HP, which has been struggling in general through a number of self-inflicted wounds, continues to offer robust storage products. Recognizing that today’s storage challenges—vastly more data, different types of data, and more and different needs for the data—require new approaches HP revamped its Converged Storage architecture. According to an Evaluator Group study many organizations only use 30% of their physical disk capacity, effectively wasting the rest while forcing their admins to wrestle with multiple disparate storage products.
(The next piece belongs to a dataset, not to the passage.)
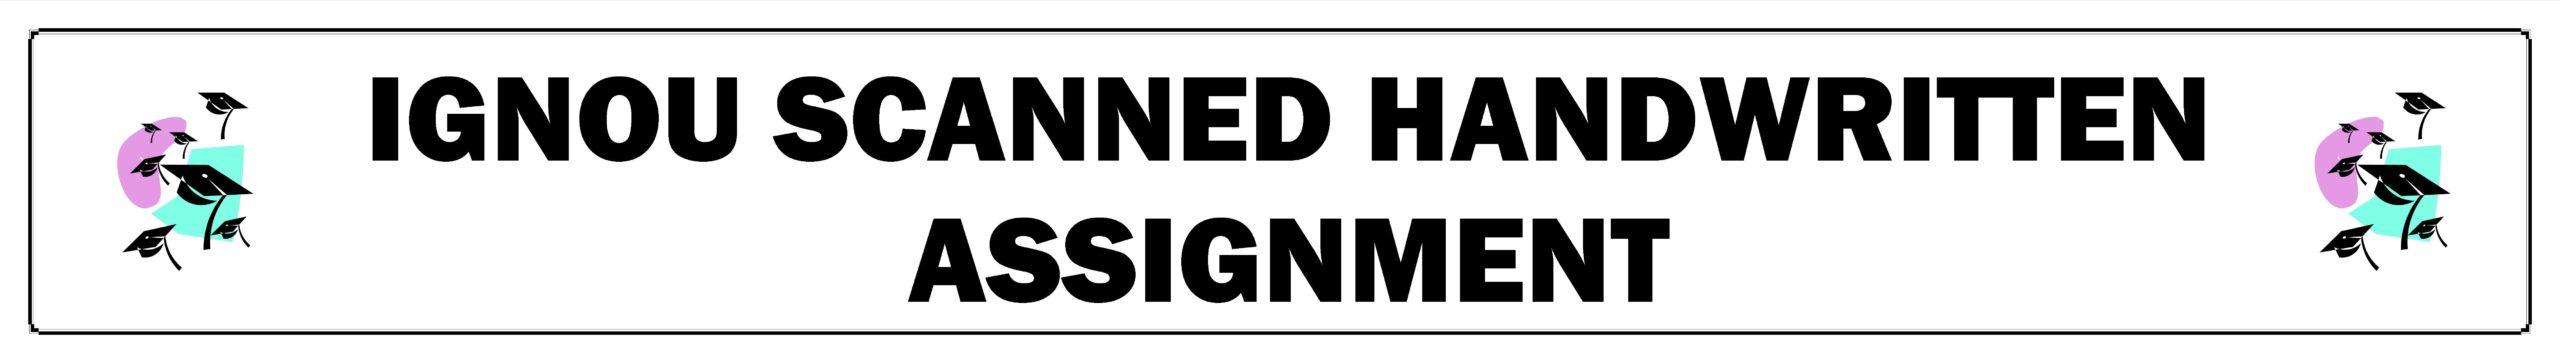 IGNOU SCANNED HANDWRITTEN ASSIGNMENT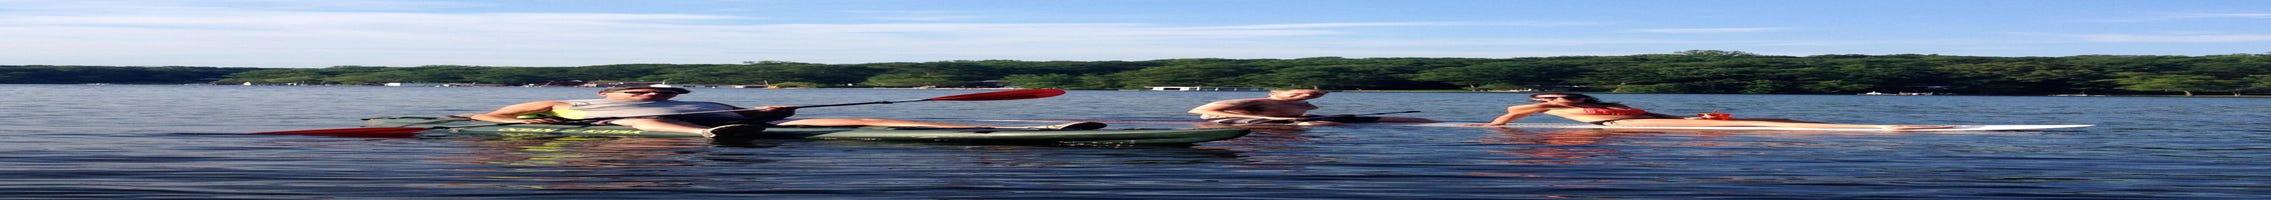 Water workouts, fitness on Lake Hopatcong

The newest HP storage products address this issue for midsize companies. They include the HP 3PAR StoreServ7000, which offers large enterprise-class storage availability and quality-of-service features at a midrange price point.  HP StoreAll, a scalable platform for object and file data access that provides a simplified environment for big data retention and cloud storage while reducing the need for additional administrators or hardware.  Finally, it introduced the HP StoreAll Express Query, a special data appliance that allows organizations to conduct search queries orders of magnitude faster than previous file system search methods. This expedites informed decision-making based on the most current data.

IBM revamped its storage line too for the same reasons.  Its sleekest offering, especially for midsize companies, is the Storwize V7000 Unified, which handles block and file storage.  It also comes as a blade for IBM’s hybrid (mixed platforms) PureSystems line, the Storwize Flex V7000. Either way it includes IBM’s Real-Time Compression (RtC).

RtC alone can save considerable money by reducing the amount of storage capacity an organization needs to buy, by delaying the need to acquire more storage as the business grows, and by speeding performance of storage-related functions. While other vendors offer compression, none can do what RtC does; it compresses active (production) data and with no impact on application performance. This is an unmatched and valuable achievement.

On top of that the V7000 applies built-in expertise to simplify storage management. It enables an administrator who is not skilled in storage to perform almost all storage tasks quickly, easily, and efficiently. Fewer lesser-skilled administrators can handle increasingly complex storage workloads and perform sophisticated storage tasks flawlessly.  This substantially reduces the large labor cost associated with storage.

NetApp also is addressing the same storage issues for midsize companies through its NetApp FAS3200 Series. With a new processor and memory architecture it promises up to 80% more performance, 100% more capacity, non-disruptive operations, and industry-leading storage efficiency.

Data keeps growing, and you can’t NOT store it. New storage products enable you to maximize storage utilization, optimize the business value from data, and minimize labor costs.